24 Sep 2018 18:47
Oleh: Prof. DR. dr. Grace D. Kandou, M.Kes.

Pentingnya Upaya Pencegahan Kanker Payudara Melalui Pemeriksaan Payudara Sendiri (SADARI)

MyPassion
Prof. DR. dr. Grace D. Kandou, M.Kes.

MANADOPOSTONLINE.COM - Kanker merupakan penyakit tidak menular yang telah menjadi masalah kesehatan utama baik di dunia maupun di Indonesia. Badan Kesehatan Dunia (WHO) menyatakan kanker sebagai penyebab kematian sekitar 8,2 juta orang pada tahun 2012. Kanker paru, hati, perut, kolorektal, dan kanker payudara merupakan penyebab terbesar kematian setiap tahunnya.

Saat ini, kanker payudara menjadi jenis kanker yang sangat menakutkan bagi perempuan di seluruh dunia termasuk Indonesia. Kanker payudara merupakan kanker yang paling sering di antara perempuan dengan 1,67 juta kasus kanker baru terdiagnosis pada tahun 2012 (25% dari semua kanker).

Kanker payudara adalah tumor ganas yang terbentuk dari sel-sel payudara yang tumbuh dan berkembang tanpa terkendali sehingga dapat menyebar di antara jaringan atau organ di dekat payudara atau ke bagian tubuh lainnya.
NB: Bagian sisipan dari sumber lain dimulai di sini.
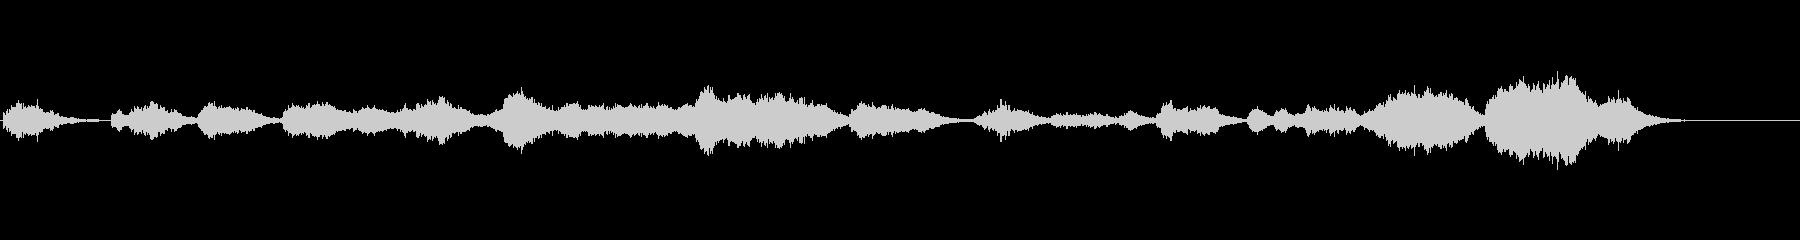 ホラー用アンビ系BGMの未再生の波形

Pemeriksaan payudara sendiri (SADARI) merupakan upaya untuk mendeteksi dini kanker payudara yang sering dianjurkan untuk setiap wanita. Tindakan ini sangat penting karena hampir 85% benjolan di payudara ditemukan oleh penderita sendiri.

SADARI mudah dilakukan, tidak menimbulkan rasa sakit, tidak menimbulkan kerusakan jaringan dan dapat mendeteksi tumor sekecil apapun. Permasalahan yang ada ialah masih kurangnya kesadaran wanita khususnya ibu-ibu rumah tangga berusia produktif untuk melakukan SADARI. Hal ini disebabkan karena minimnya pengetahuan mengenai pencegahan tersebut.

Dalam rangka peningkatan pengetahuan dan sikap wanita terutama kelompok ibu-ibu rumah tangga usia produktif untuk melakukan SADARI, maka tim PKM melakukan penyuluhan kesehatan tentang kanker payudara dan langkah-langkah pencegahan termasuk SADARI di kelurahan Singkil Dua Kota Manado.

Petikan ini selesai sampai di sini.